▶ [Problem description]:
The expected output is every line of the data exactly as shown, minus the images.

▶ [Supplied data]:

++++++++++

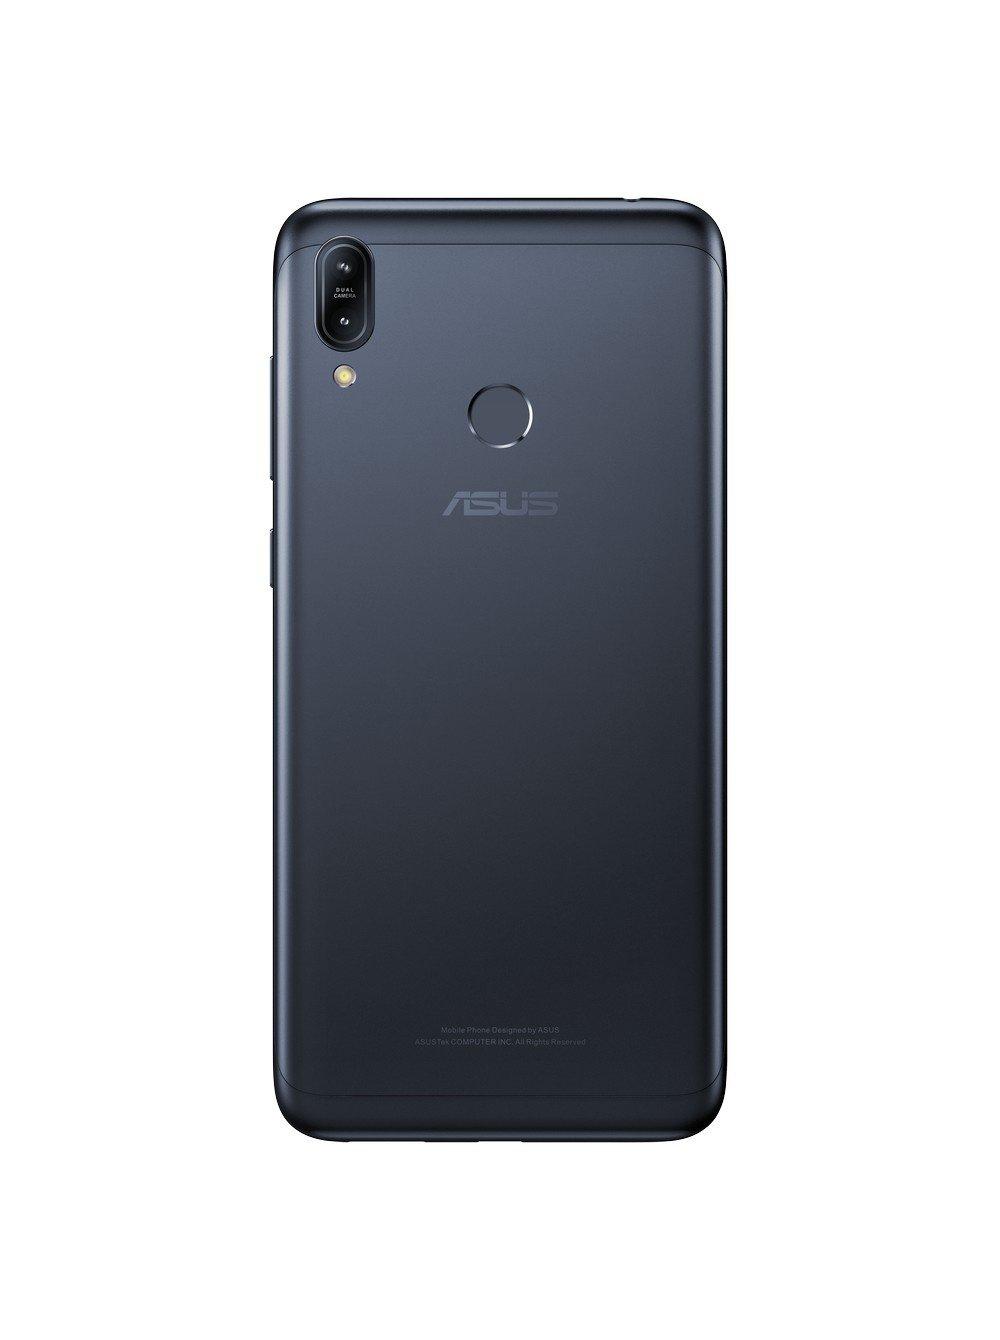 Смартфон Asus ZenFone Max (M2) (ZB633KL-4A070EU) 4/32 GB DUALSIM Black с чехлом фото 11
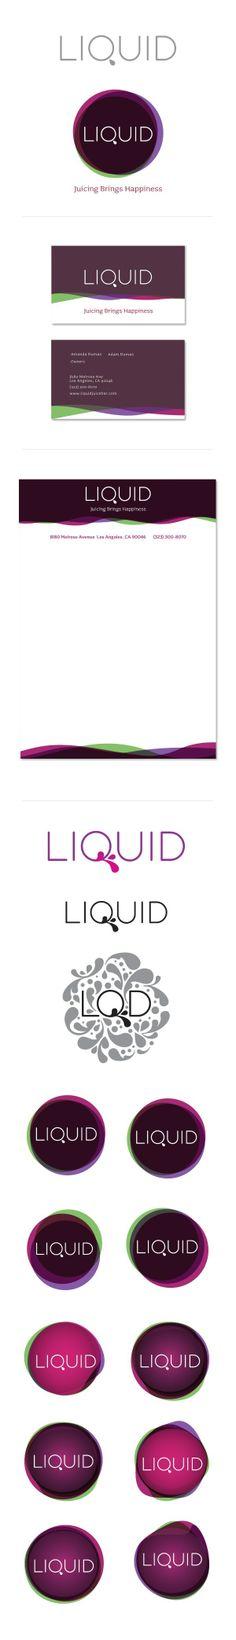 Liquid Juice Bar by Jenny Ambrose, via Behance
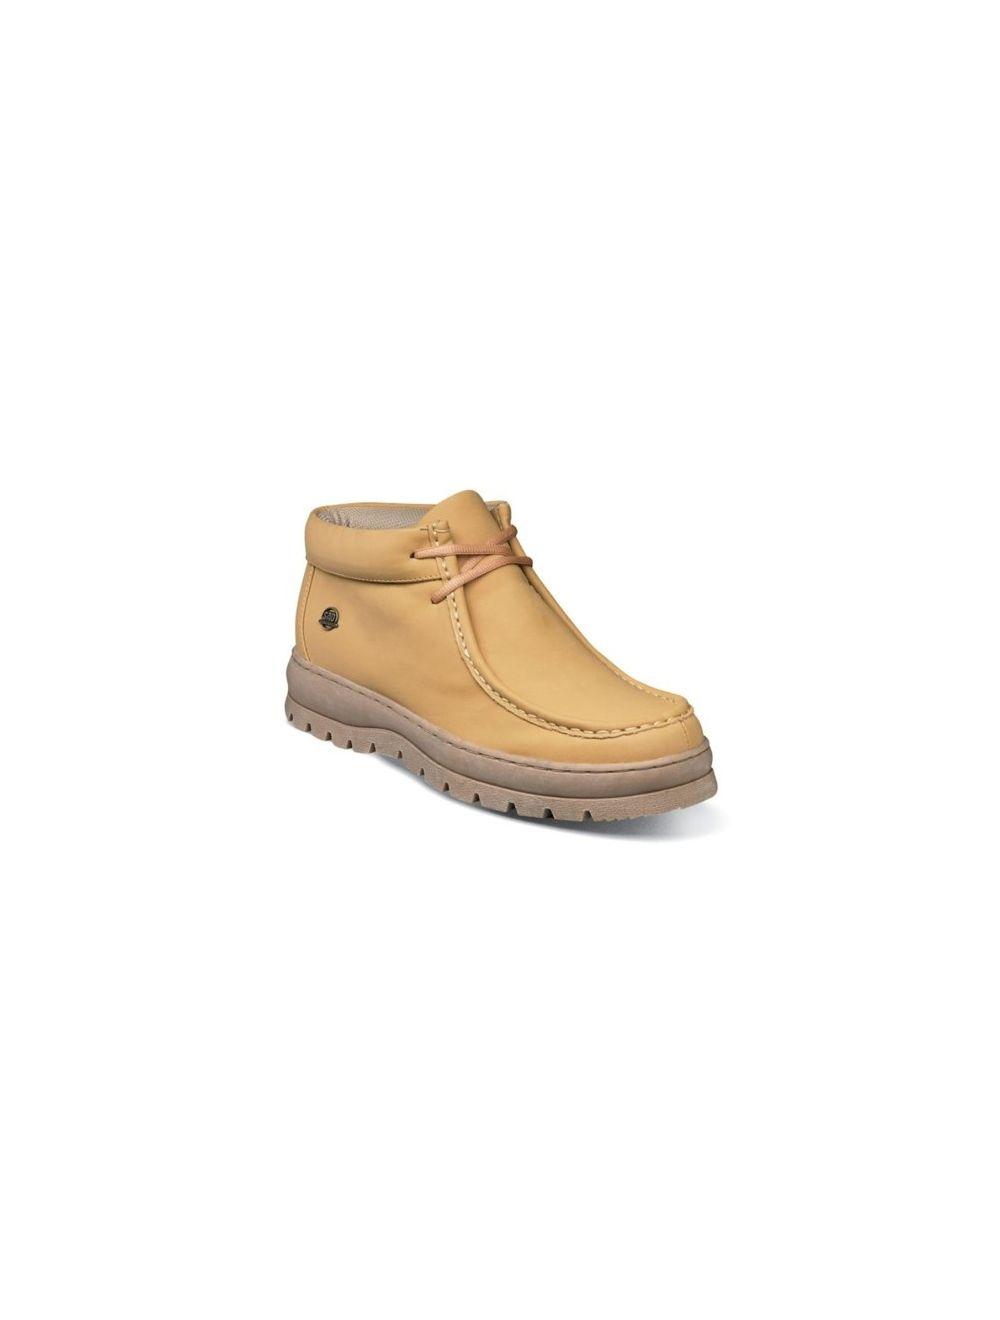 Stacy Adams Wally Moc-Toe Casual Boot
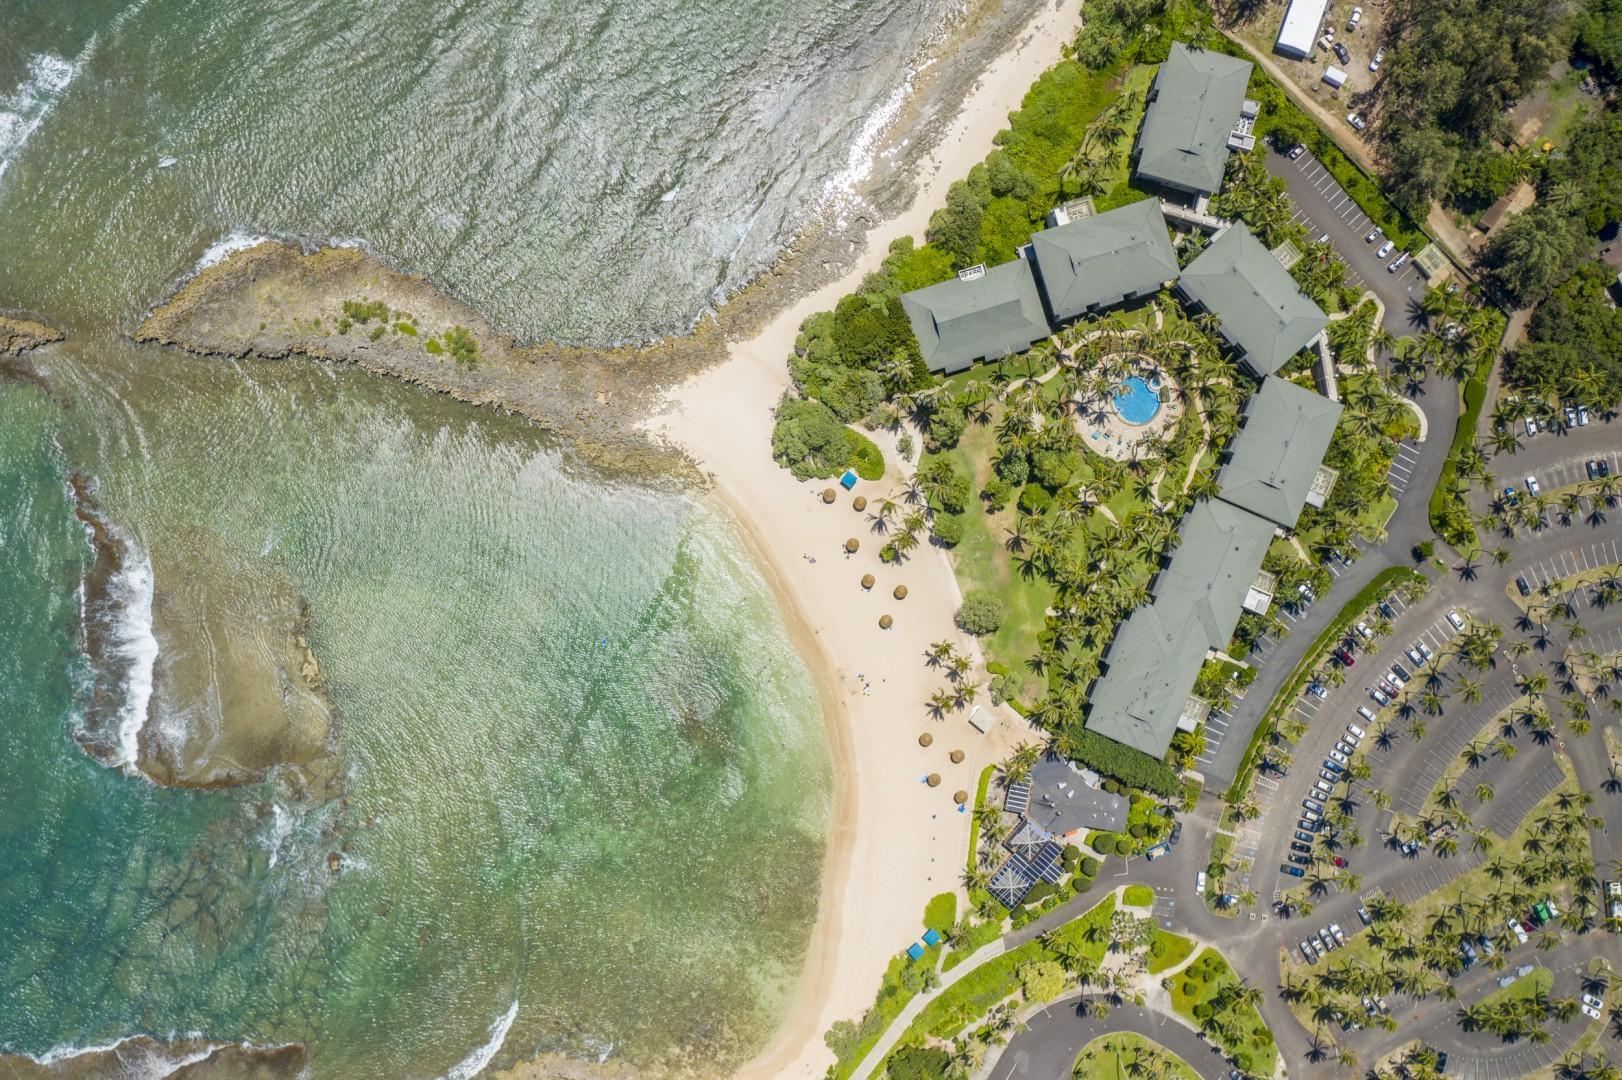 Villas, Turtle Bay Resort and Beaches

++++++++++

▶ [Your response]:
 Смартфон Asus ZenFone Max (M2) (ZB633KL-4A070EU) 4/32 GB DUALSIM Black с чехлом фото 11
 Liquid Juice Bar by Jenny Ambrose, via Behance
 Stacy Adams Wally Moc-Toe Casual Boot
 Villas, Turtle Bay Resort and Beaches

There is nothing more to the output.